А почему нужно именно заставлять? Просто потому, что никто не станет по собственному почину думать о добродетелях ближнего. А почему, неужели это так сложно? Нет, но неинтересно, а кому-то и неприятно. Среди тех, кто любит думать, большинство думает о себе и мироздании, а о ближних — только в связи с обидами, которые ближние нанесли их самолюбию. Так что одни, выходит, дураки, а другие — подонки; чью добродетель предпочитаете? Вот те раз! Чего ж вы ругаетесь? А чего было спрашивать, если не любите правду? Да кто же знал, что вам что ругань, что правда — все едино. Да? Верно. Но знаете, что нужно делать, когда вино откупорено? Как что — пить. Ну вот, ну вот! А когда вино течет, слова плавают.

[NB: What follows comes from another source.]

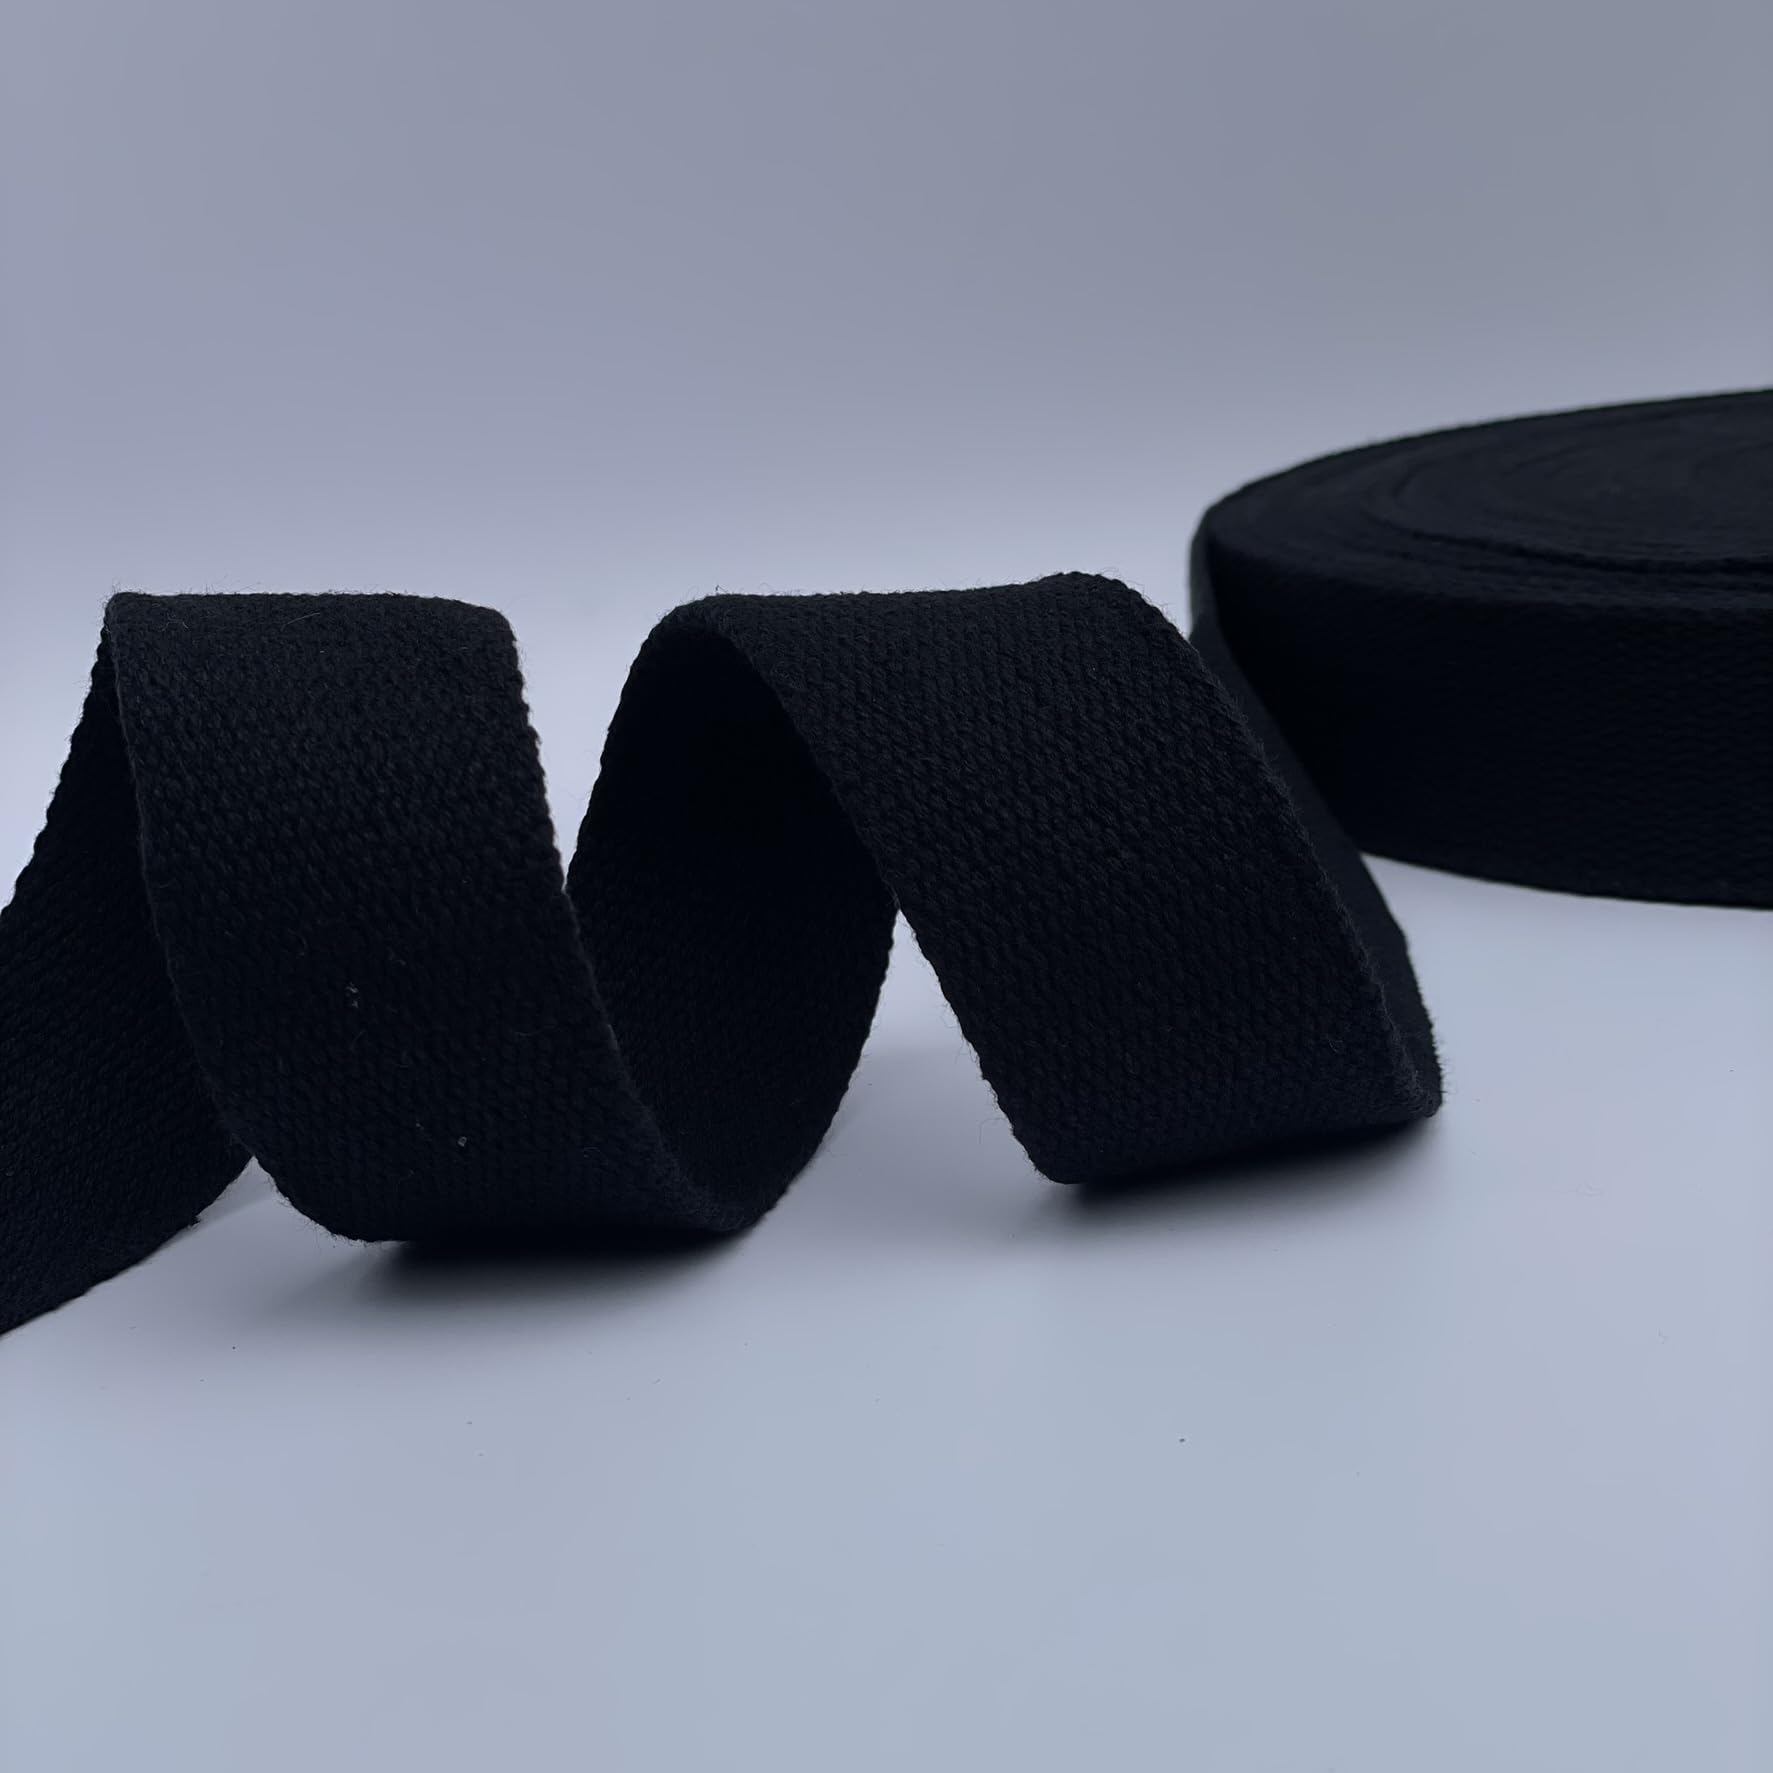 Gurtband, 35 mm, strapazierfähig, Baumwolle, für Taschen, Rucksack, Taschen, Gepäckgurt, Gurtband, Schürze, Taschenherstellung (3 Meter, Schwarz) von Discover Direct
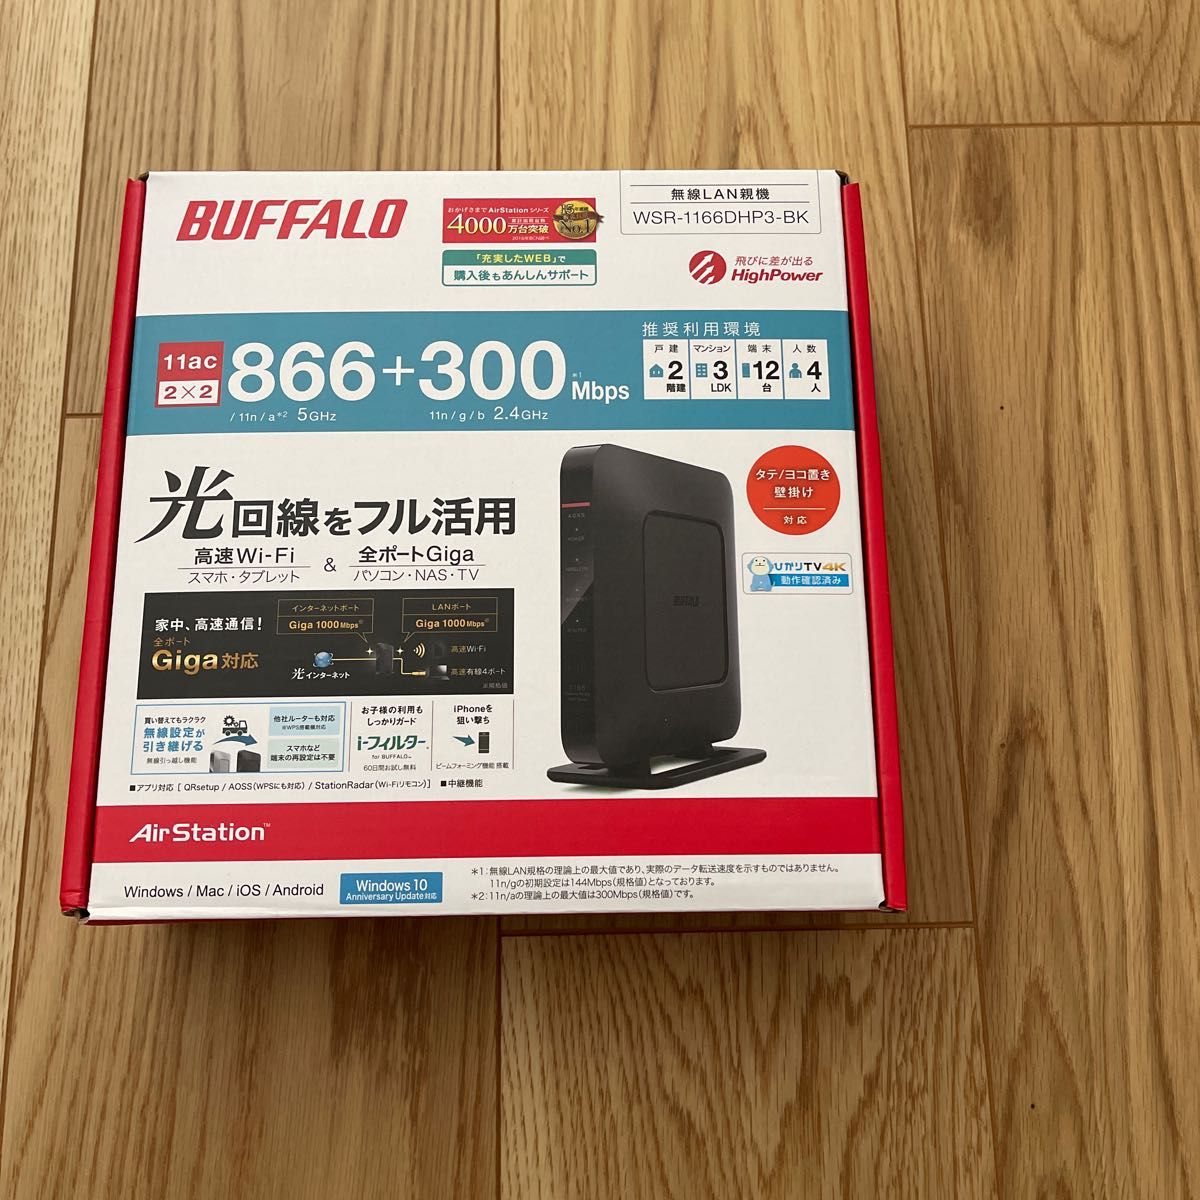 BUFFALO 無線LAN親機 WiFi Wi-Fiルーター

Ну так и в чем там дело, с креплеными винами? Ах, вам не понравится, если мы начнем пересказывать. Для этого нужен особый дар — способность опьяняться больше Шекспиром, чем хересом: вместе с герцогом Кларенсом захлебываться мальвазией — из рук Бена Джонсона брать канарского вина хмельной бокал, а с Чарльзом Лэмом сидеть над премудрым, политичным портвейном — находить на страницах книг пятна, оставленные мадерой, и малагой, и кларетом. (Славный кларет, впрочем, не крепленое, а сухое.)
о хересе
Он говорил. Он улетал. Херес устремлялся ему в голову, разгонял все скопившиеся в мозгу пары глупости, мрачности и грубости, окрылял мысль; речь текла с языка густым золотом амонтильядо. Лектор прихлебывал из стаканчика, и слушатели узнавали много интересного о скуповатых героях Филдинга, угощавших избранных шампанским, а гостей поплоше — честным портвейном, и о простоватых героях Смоллета, запасавшихся к обеду большим количеством крепкого пива, флипа, рома, бренди и также барбадосской водой для дам. Что за барбадосская вода? Кто же вам теперь это скажет? Но мы подозреваем: что-то вроде джин-тоника вот в этих голубых и белых банках. Фи!